One obstacle that occasionally trips up applicants for unemployment compensation benefits is the obligation that they are “actively seeking suitable employment,” as required by Minn. Stat. § 268.085, subd. 1(4).  The phrase “actively seeking” is defined as “being ready, willing, and able” to accept suitable employment, applies to all claimants regardless of the reason for separation from employment:  layoff, discharge, or quit.

There has been a tendency on the part of the administrative agency that oversees the administration of the unemployment compensation benefits, the Department of Employment & Economic Development (DEED), as well as the courts, to interpret this provision relatively strictly in claims brought by jobless Minnesotans.  A trio of recent cases decided by the Minnesota Court of Appeals, which hears appeals from DEED, underscores the importance of applicants for benefits complying with these measures.

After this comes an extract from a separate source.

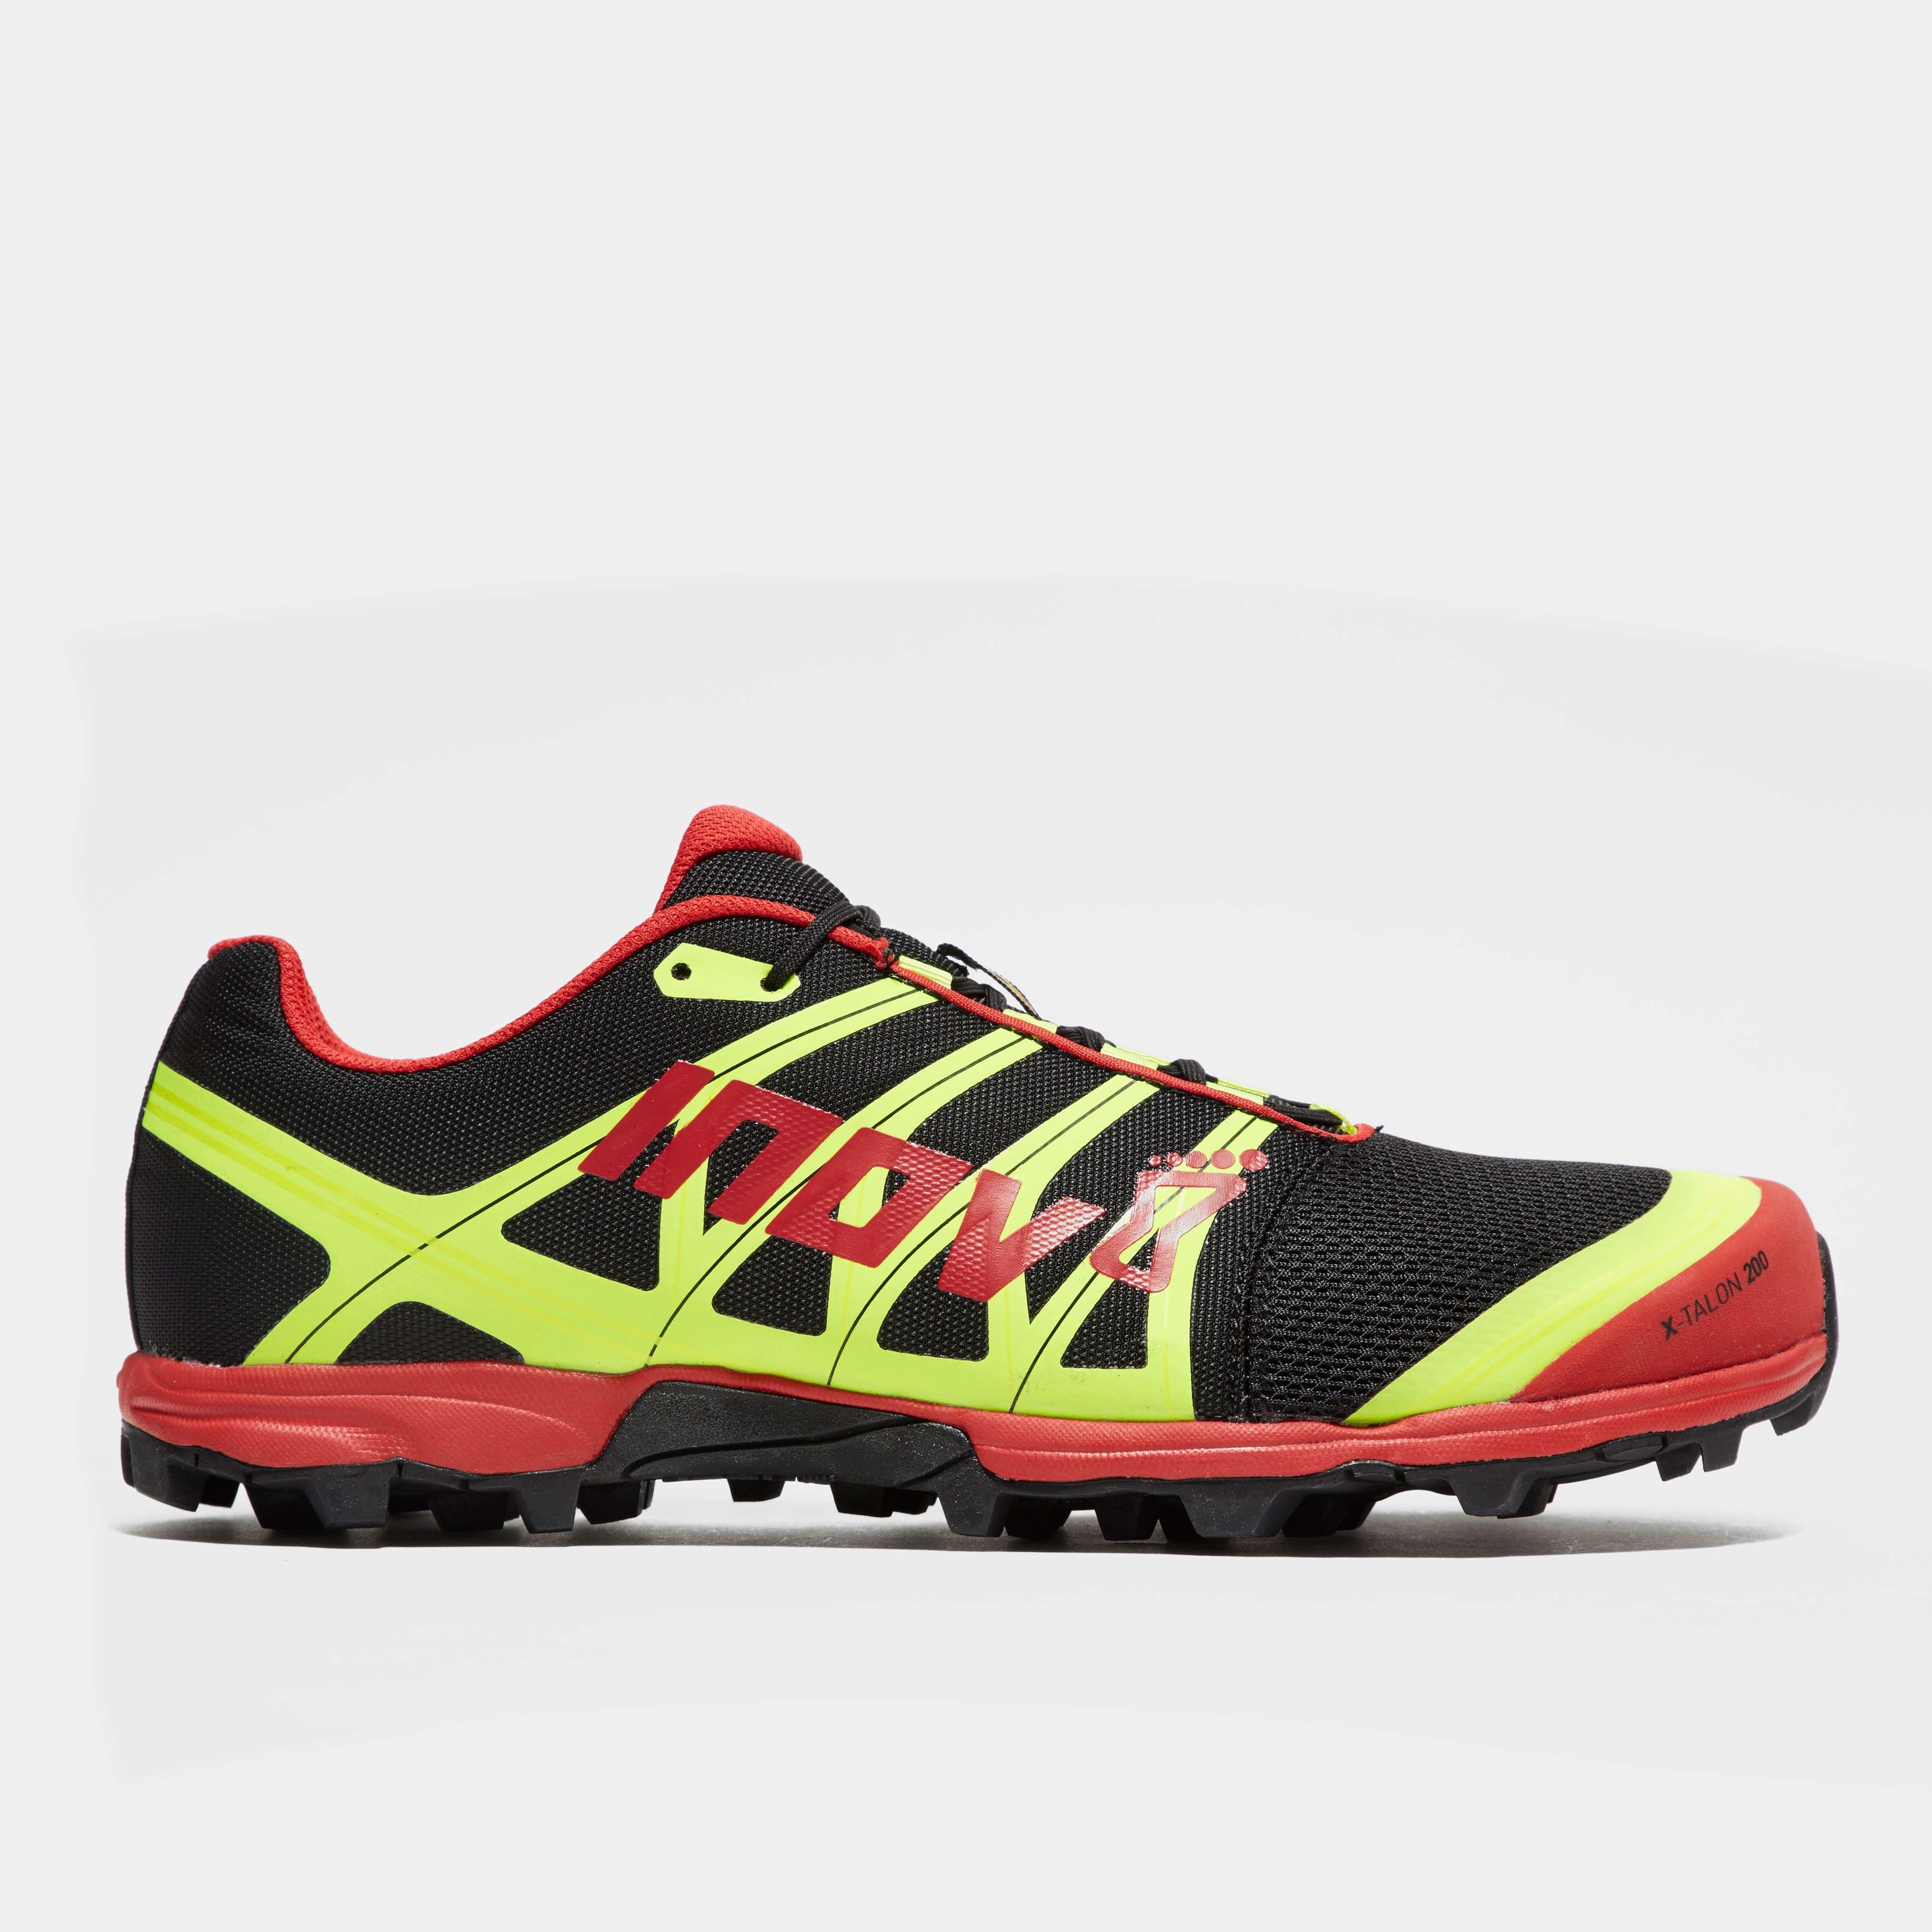 INOV-8 Men's X-Talon 200 Trail Running Shoes

  • In Bennett v. Castle Kitchen Corp., 2014 WL 2178834 (Minn. Ct. App. May 27, 2014) (unpublished).  An employee was not eligible for benefits because she spent only 1 – 4 hours per week searching for other work, which the Court deemed insufficient to satisfy the statutory burden. 

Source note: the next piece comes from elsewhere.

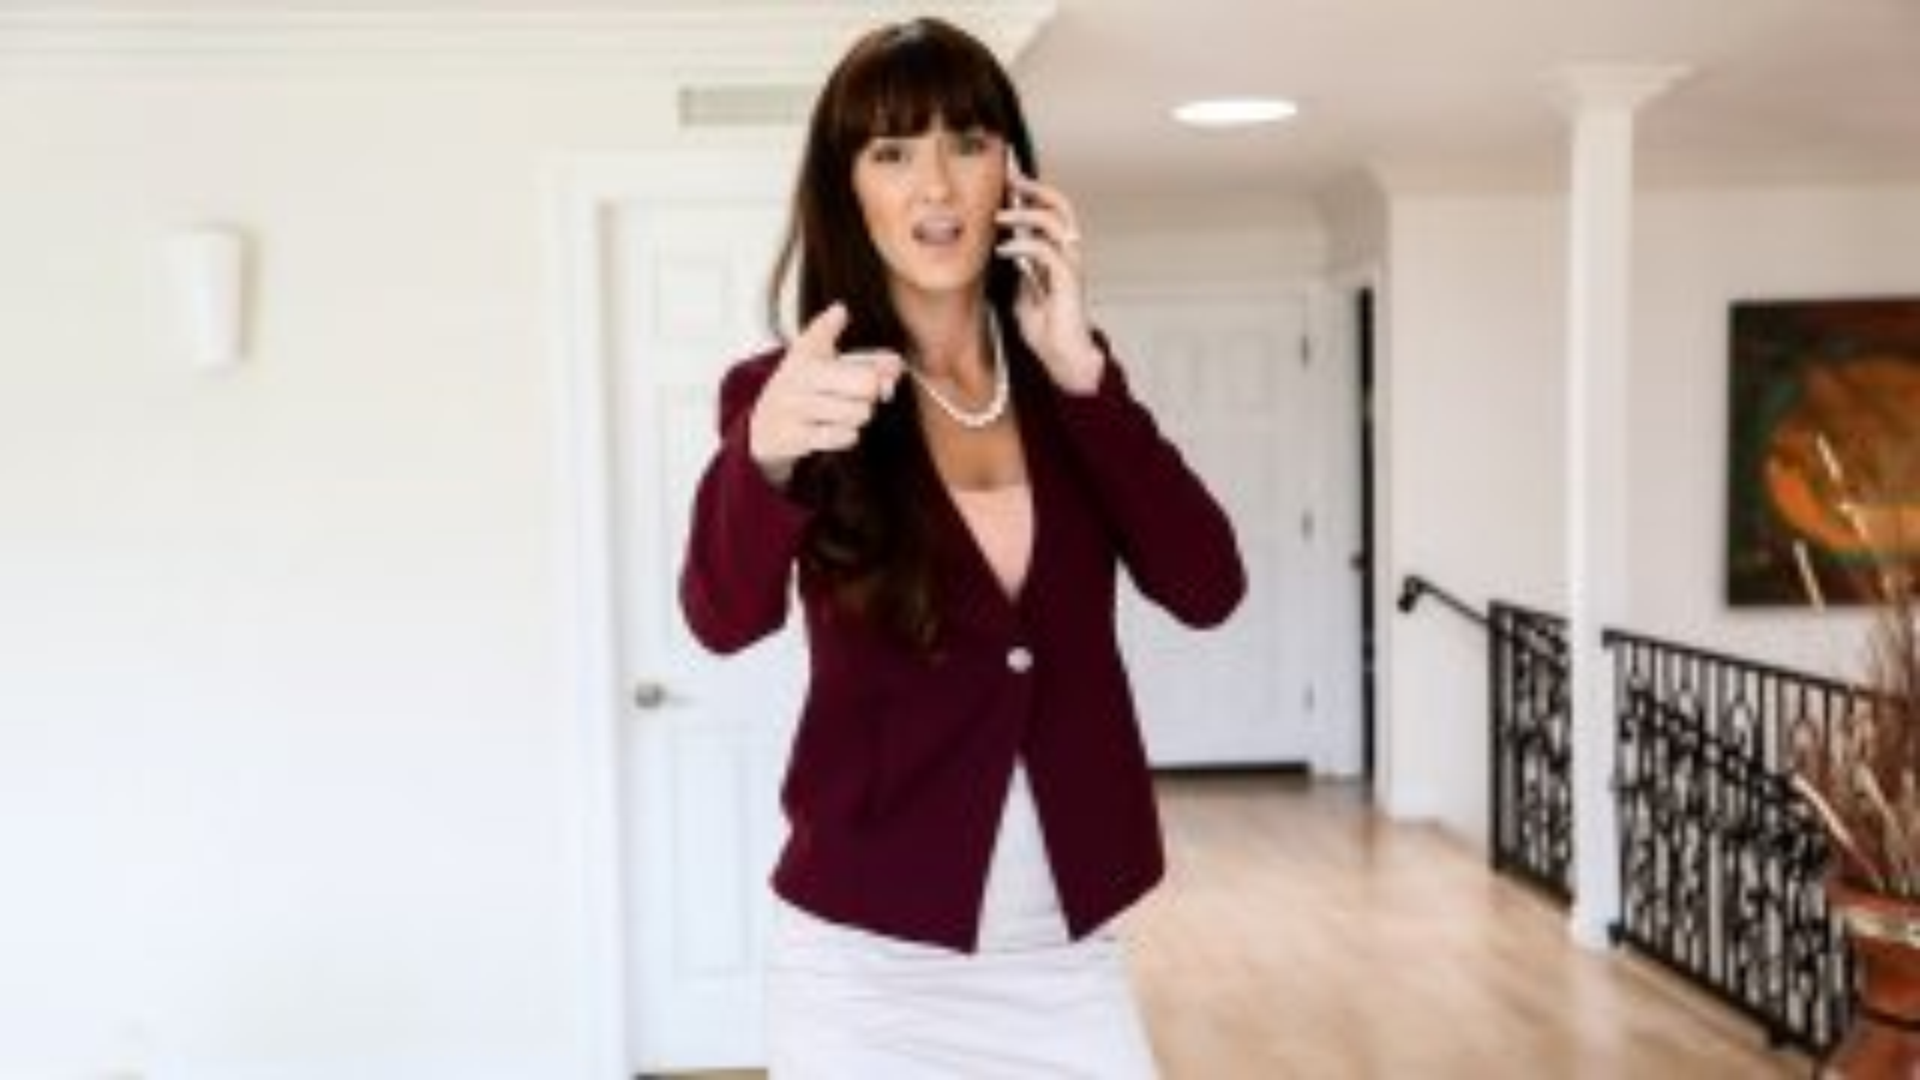 Calling My Fiance - Property Sex

  • In Dunn v. Caremate Home Health Care,  2014 WL 3021581 (Minn. Ct. App. July 7, 2014) (unpublished), an employee was denied unemployment benefits because she refused to take on 10 hours of work provided by her employer while she was on her part-time leave of absence to care for an injured family member. 
  • But in Haub v. DEED, 2014 WL 2565698 (Minn. Ct. App. June 9, 2014) (unpublished), an employee prevailed on a claim brought for unemployment benefits, despite an initial denial by an Unemployment Law Judge (ULJ) with DEED. The appellate court reversed the decision on grounds that the employee maintained “well documented records,” showing her job search efforts, which were consistent with a DEED approved work search plan. 

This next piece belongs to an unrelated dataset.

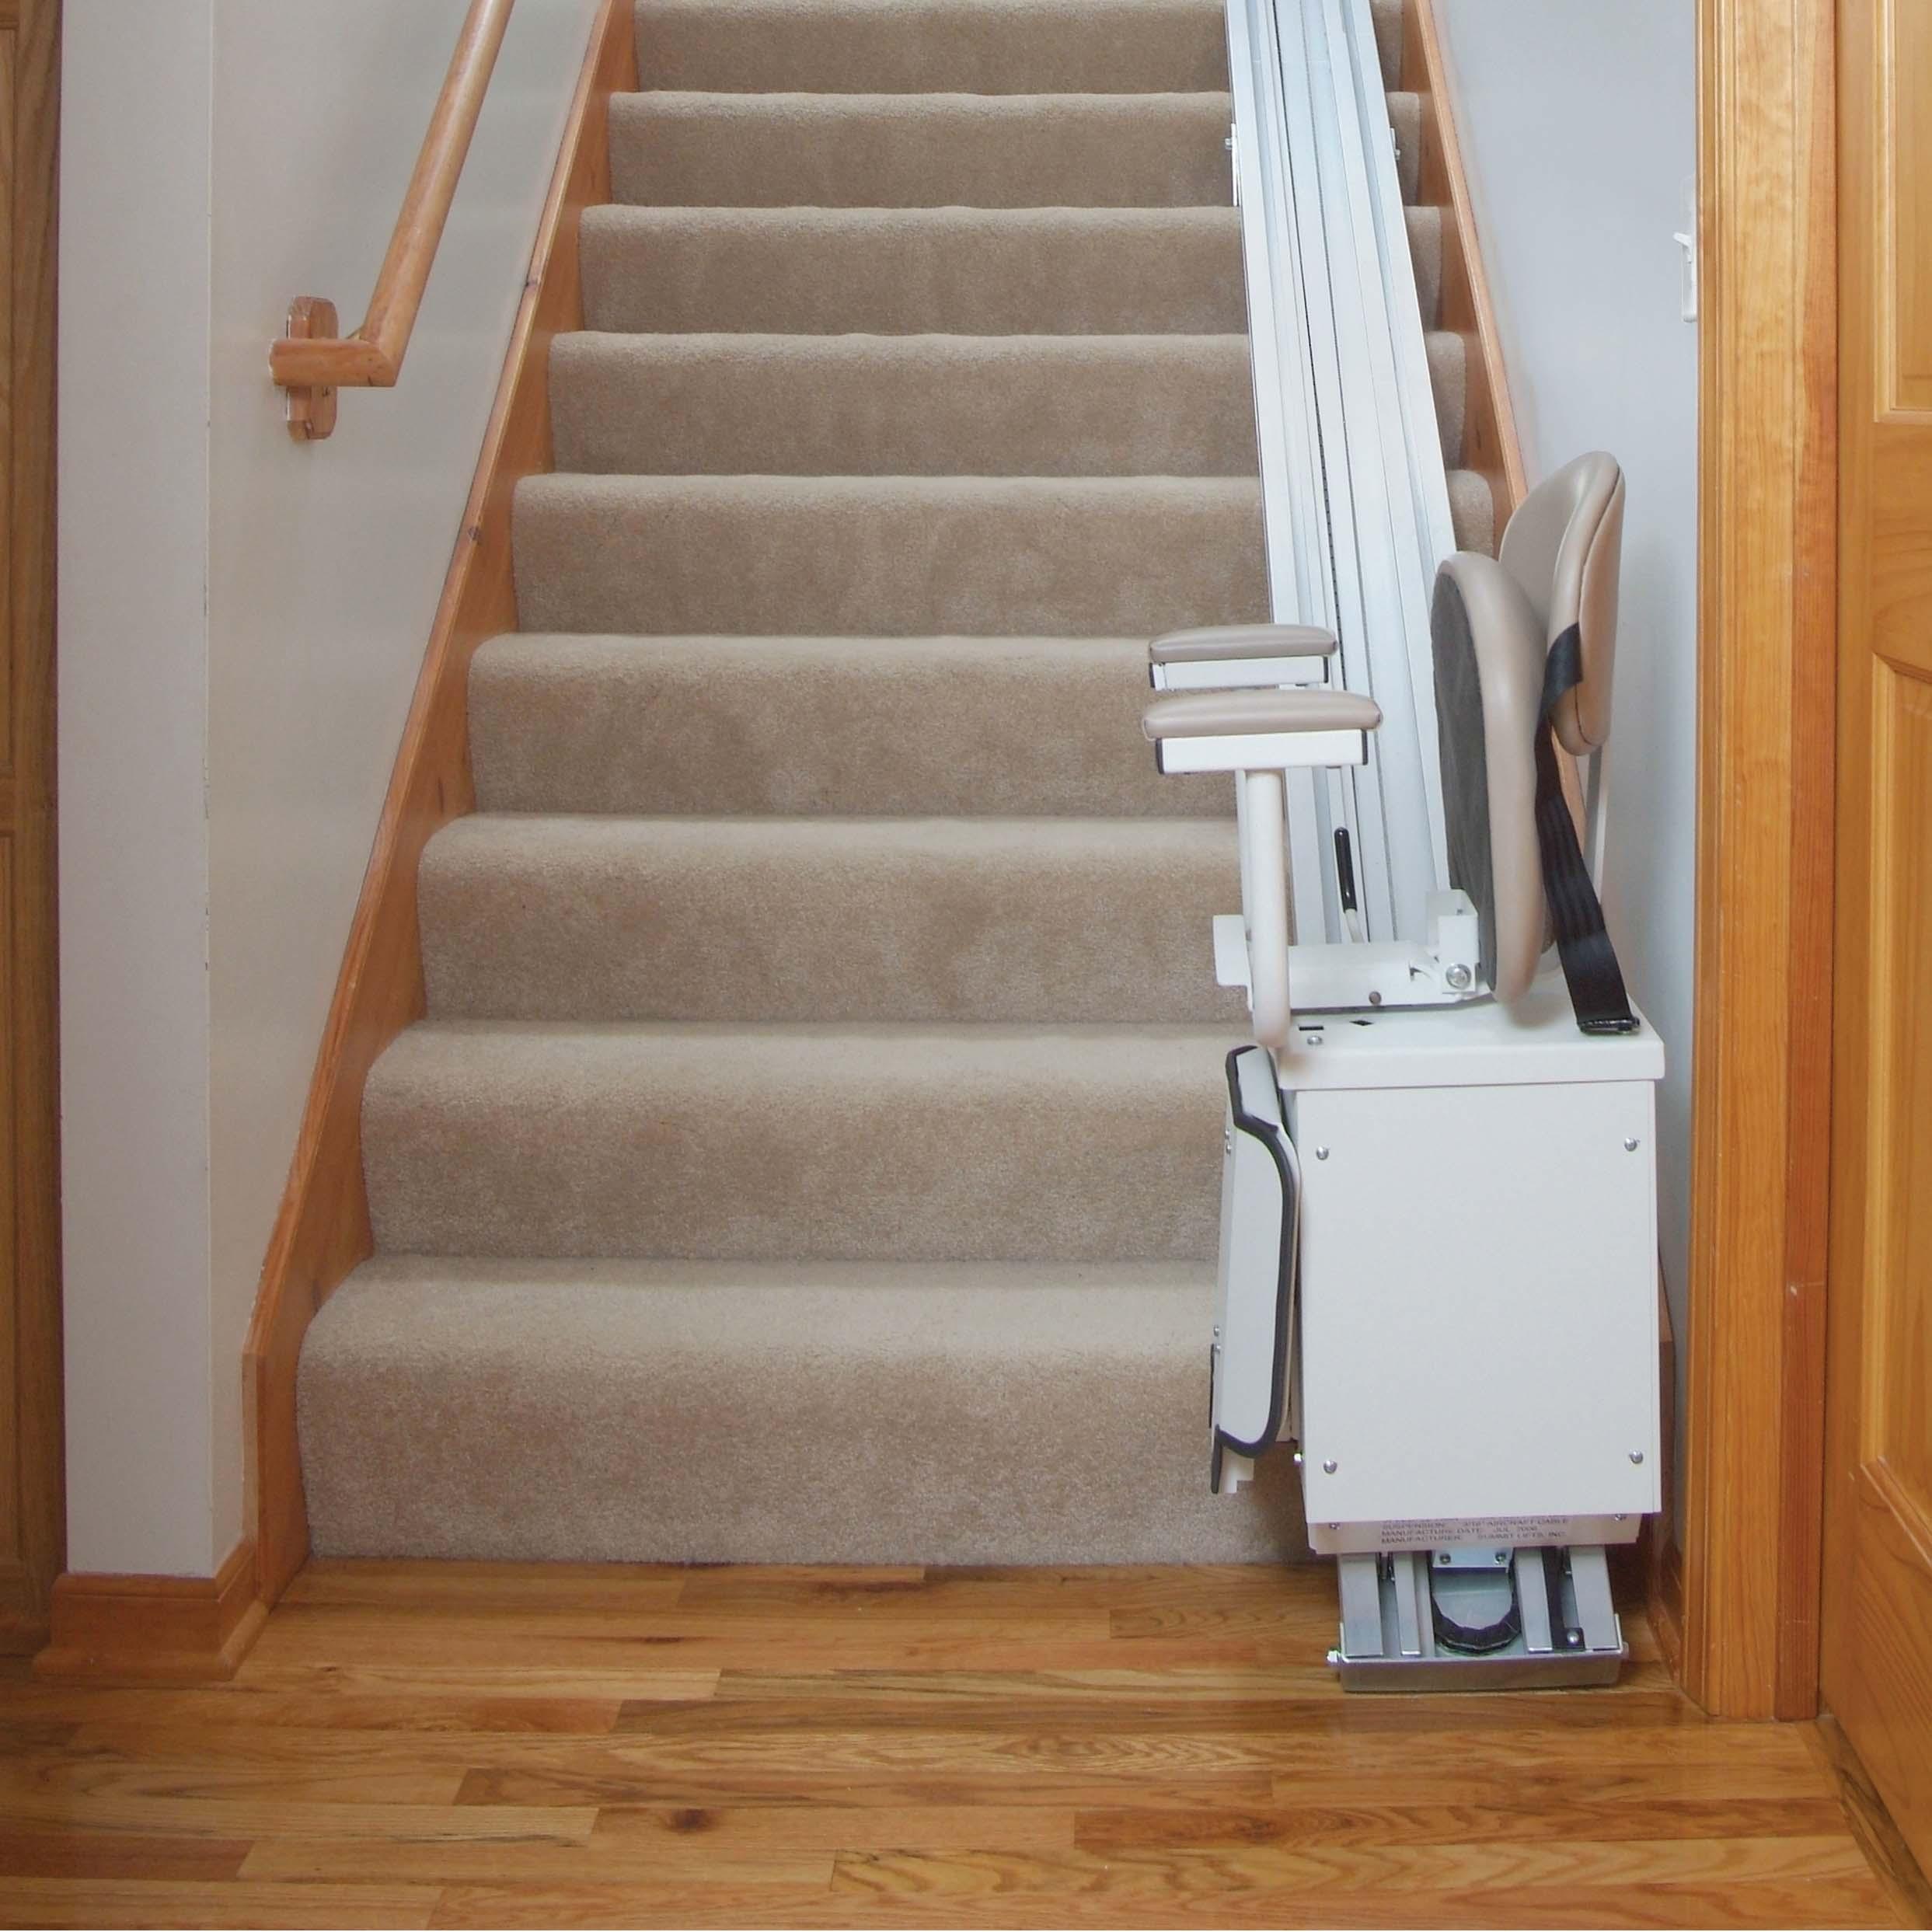 Harmar Summit Stair Lift SL350AC HomeAccessProducts

These three cases illustrate some key considerations for employees who seek unemployment compensation benefits: 

  • First, an employee should try to develop and stick to a work-search plan, which can be formulated with the assistance of DEED personnel;
  • An employee should keep good track of job search efforts, preferably with documentation, showing jobs available; applications, telephone calls, internet searches, and actual job interviews, among other matters.  Putting together some type of coherent chronological timeline can be useful, too.
  • When declining a job offer, an employee should be able to show the reasons for refusing the position, which may include unfavorable terms and conditions of employment, deviation from existing job skills, or remote distance from residence, among other factors. 
  • Following these steps can help an unemployed individual obtain unemployment compensation benefits and fend off claims that they are not “available” for suitable employment.